Output only the lines below from the one containing "Nike 578673 Mens" to the one containing "S.MANO エスマーノ DRAWSTRING BAG SMALL 巾着バッグ", exactly as written, both ends kept.

### Extracted material
+ + +

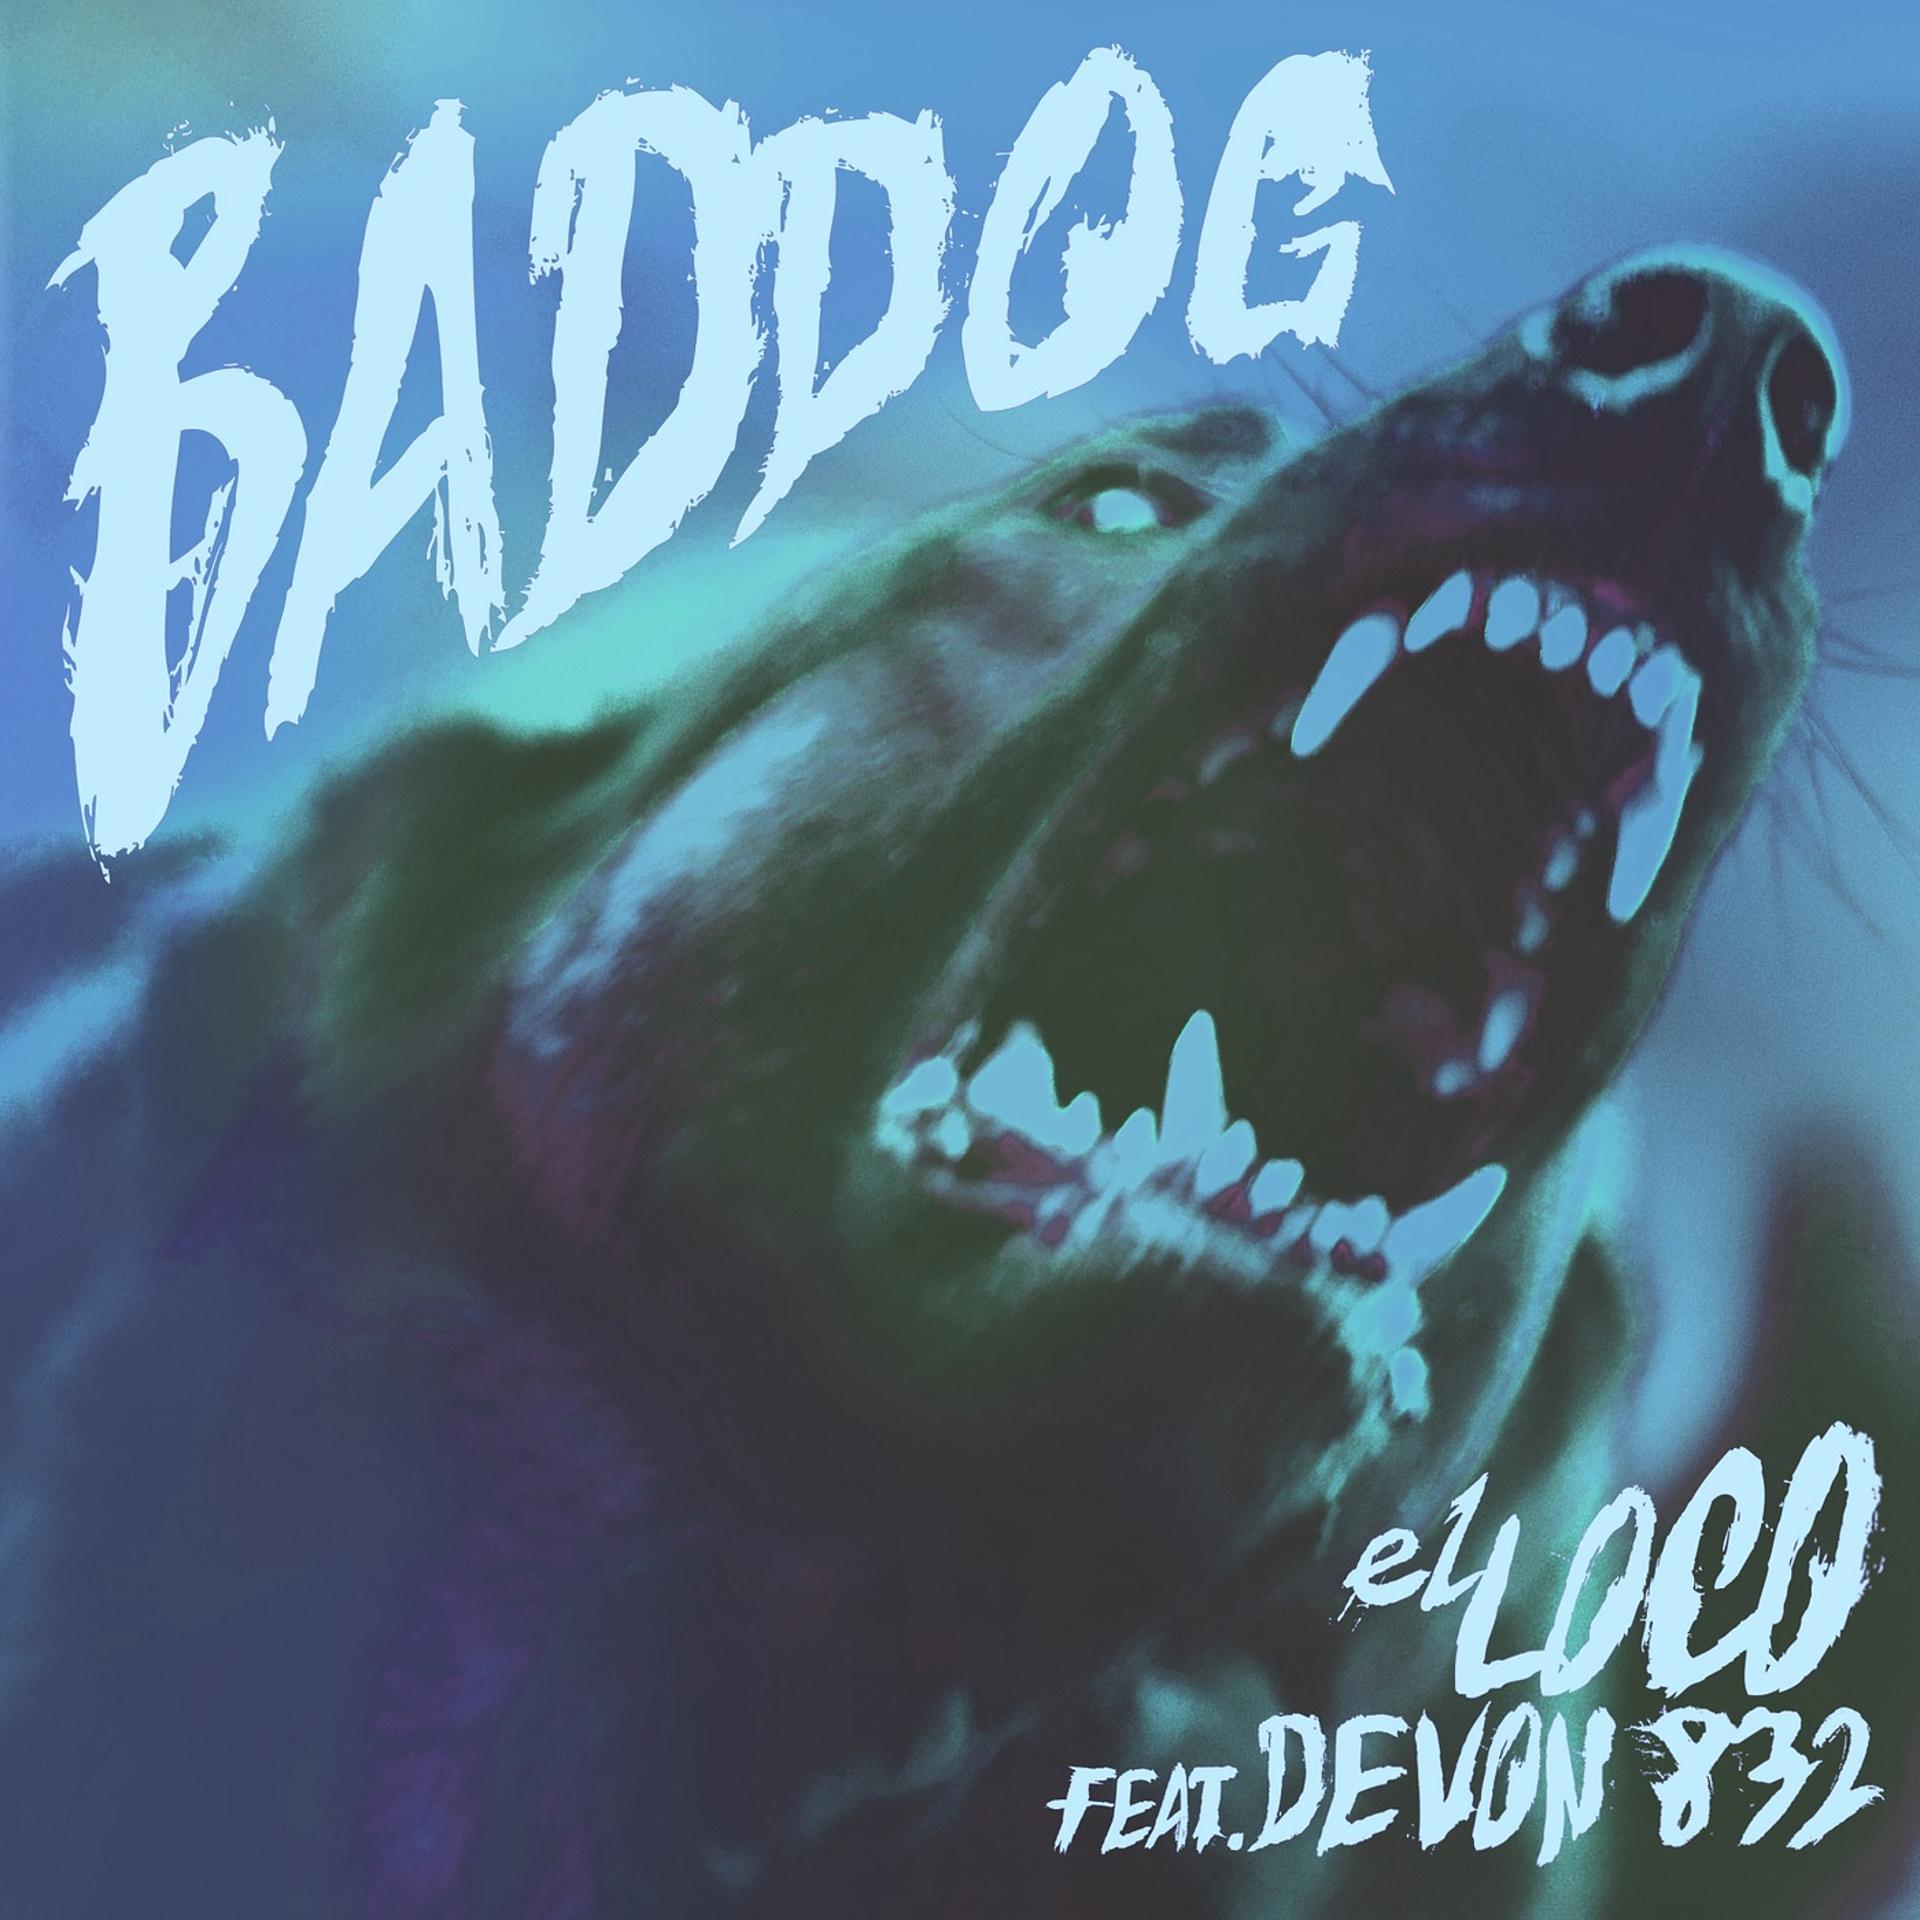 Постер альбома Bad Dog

+ + +

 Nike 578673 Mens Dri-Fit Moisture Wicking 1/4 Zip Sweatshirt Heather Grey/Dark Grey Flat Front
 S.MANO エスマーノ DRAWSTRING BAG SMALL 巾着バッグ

+ + +

### Solution to this exercise
 Nike 578673 Mens Dri-Fit Moisture Wicking 1/4 Zip Sweatshirt Heather Grey/Dark Grey Flat Front
 S.MANO エスマーノ DRAWSTRING BAG SMALL 巾着バッグ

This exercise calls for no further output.